WHAT TO WORK ON —
Word for word, set down the lines from the one that holds "Rolando Rojas, Angel, Metal" through the final line of the listing below, and exclude every picture.

SUPPLIED DATA —
BEGIN
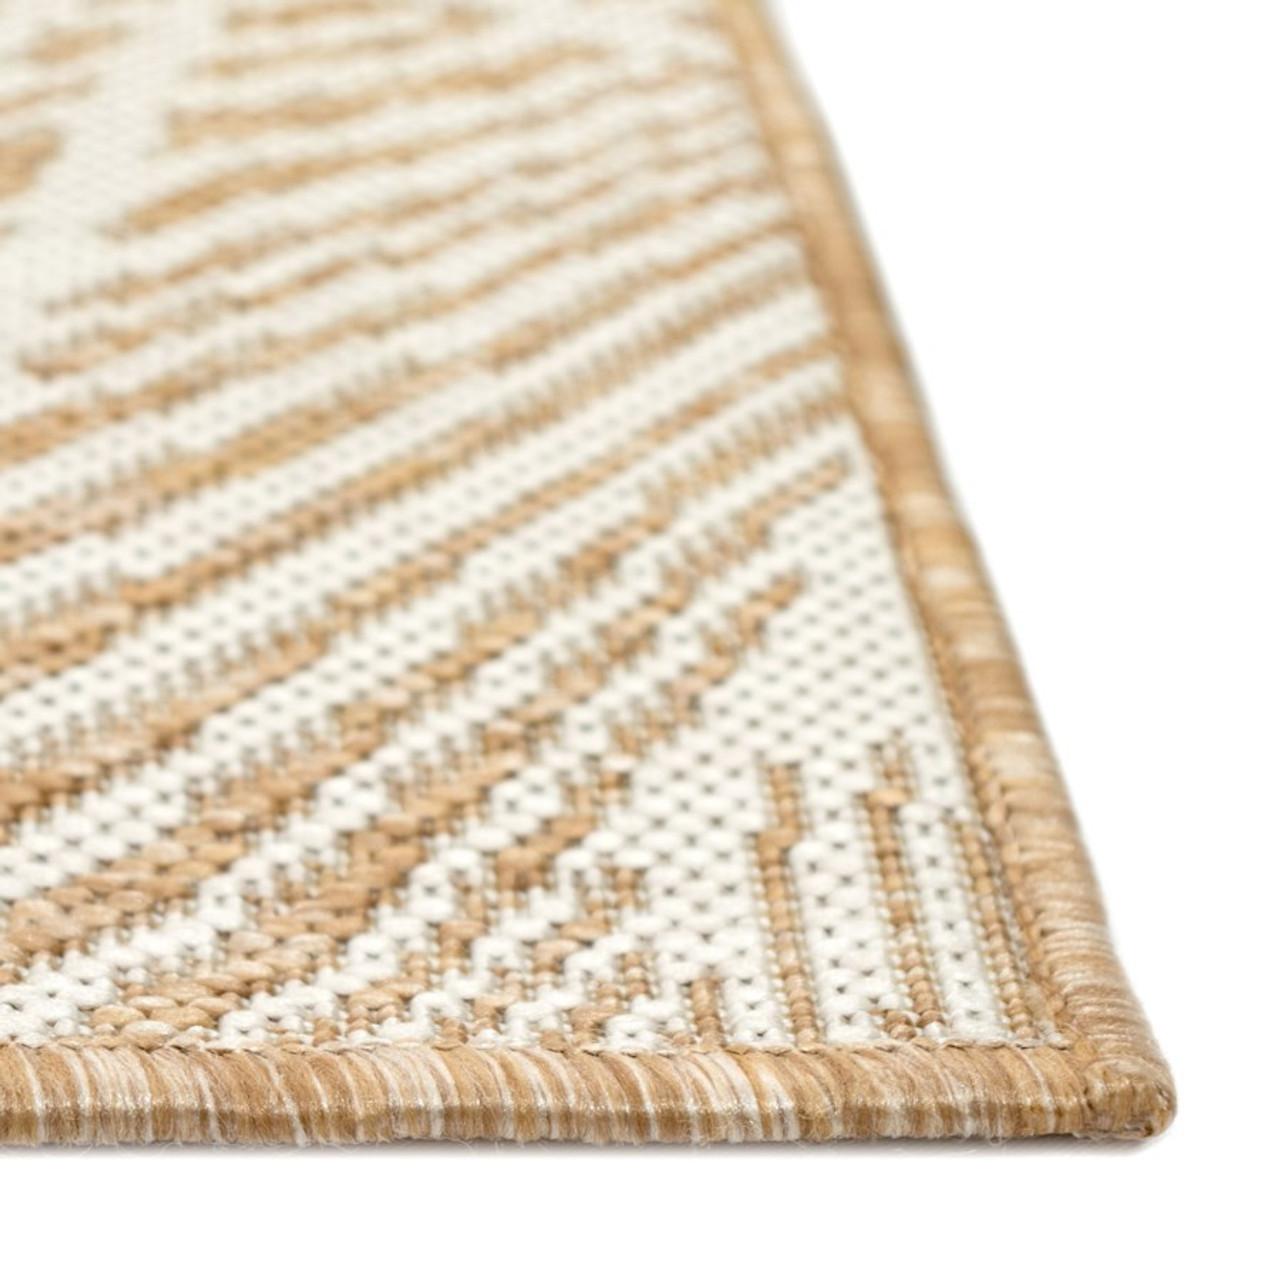 Sand Carmel Palm Leaf Indoor/Outdoor Rug - Pile
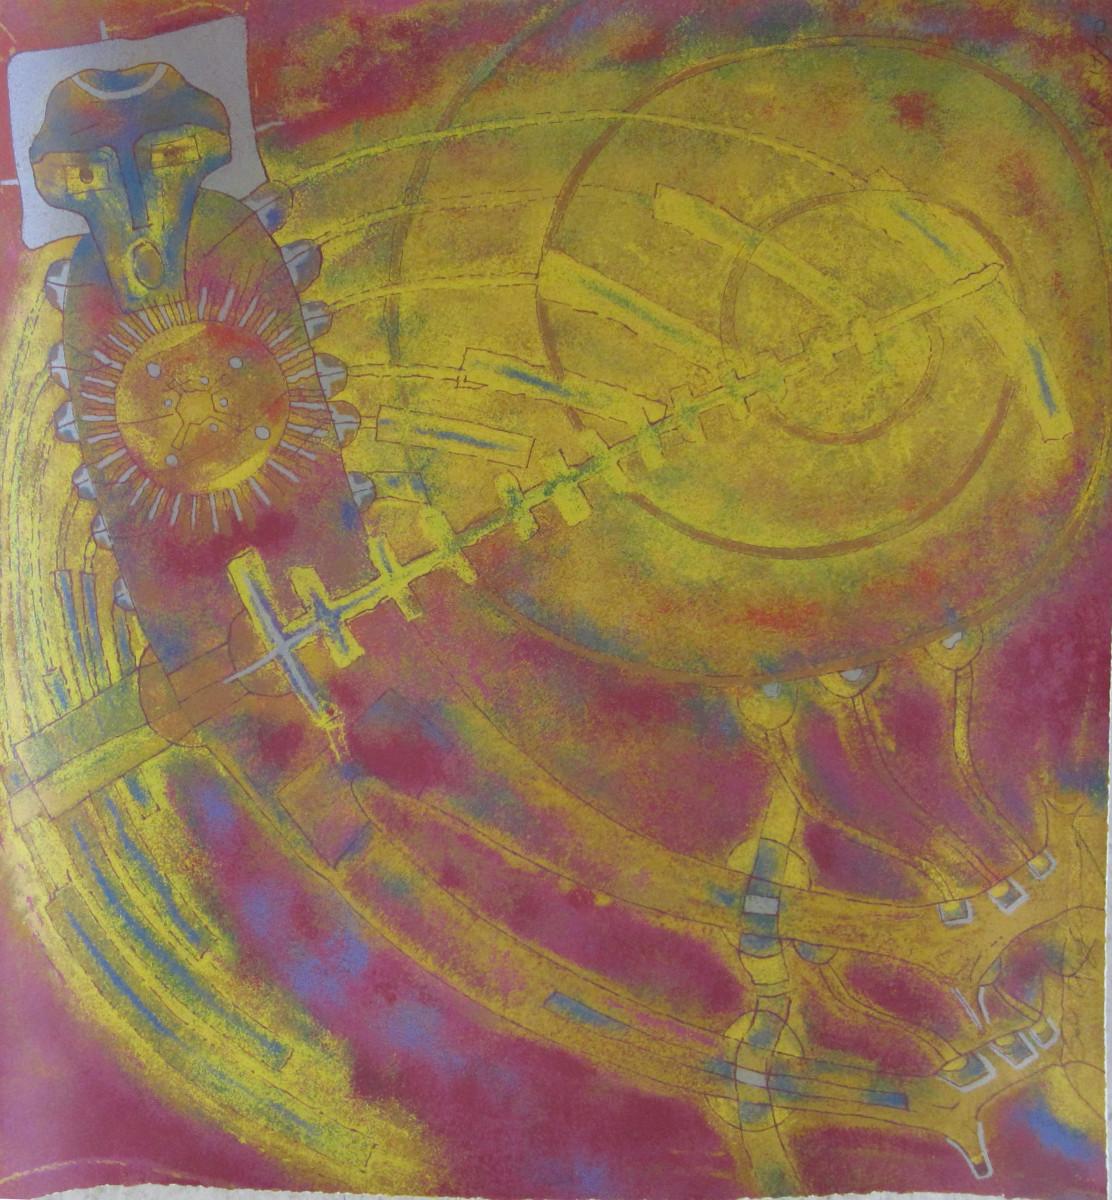 Rolando Rojas, Angel, Metal Engraving, 19.5 x 19.5 in.
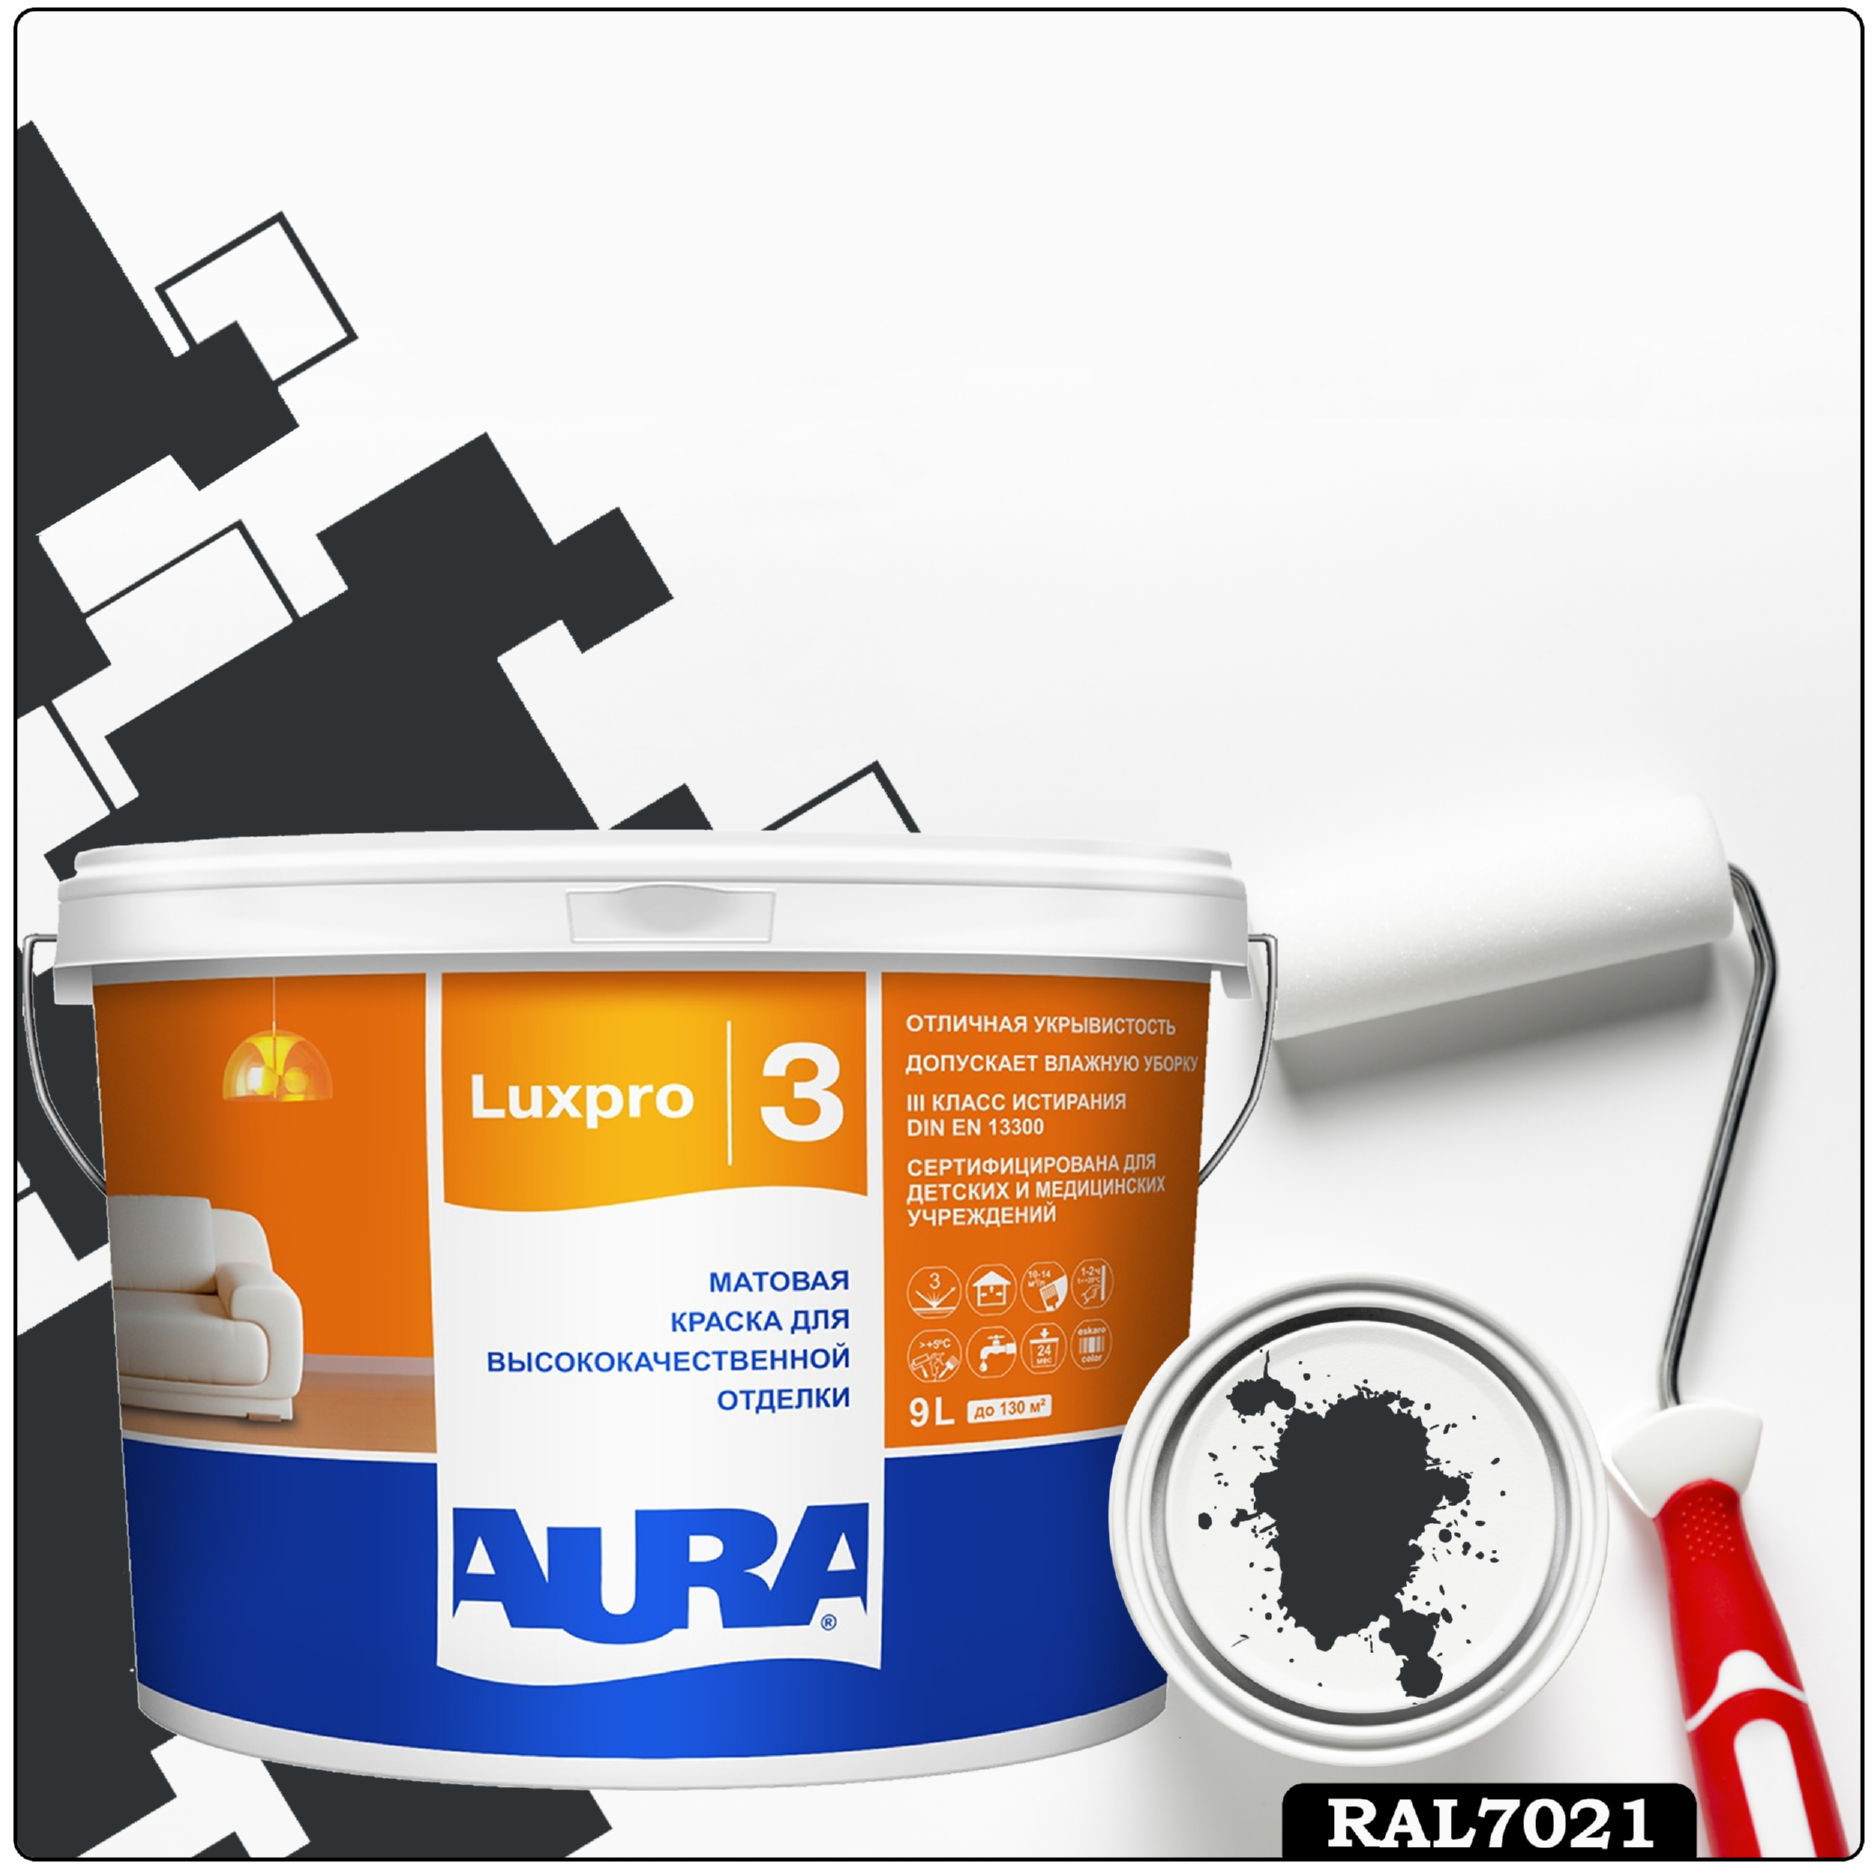 Фото 16 - Краска Aura LuxPRO 3, RAL 7021 Чёрно-серый, латексная, шелково-матовая, интерьерная, 9л, Аура.
END
WRITTEN SOLUTION —
 Rolando Rojas, Angel, Metal Engraving, 19.5 x 19.5 in.
 Фото 16 - Краска Aura LuxPRO 3, RAL 7021 Чёрно-серый, латексная, шелково-матовая, интерьерная, 9л, Аура.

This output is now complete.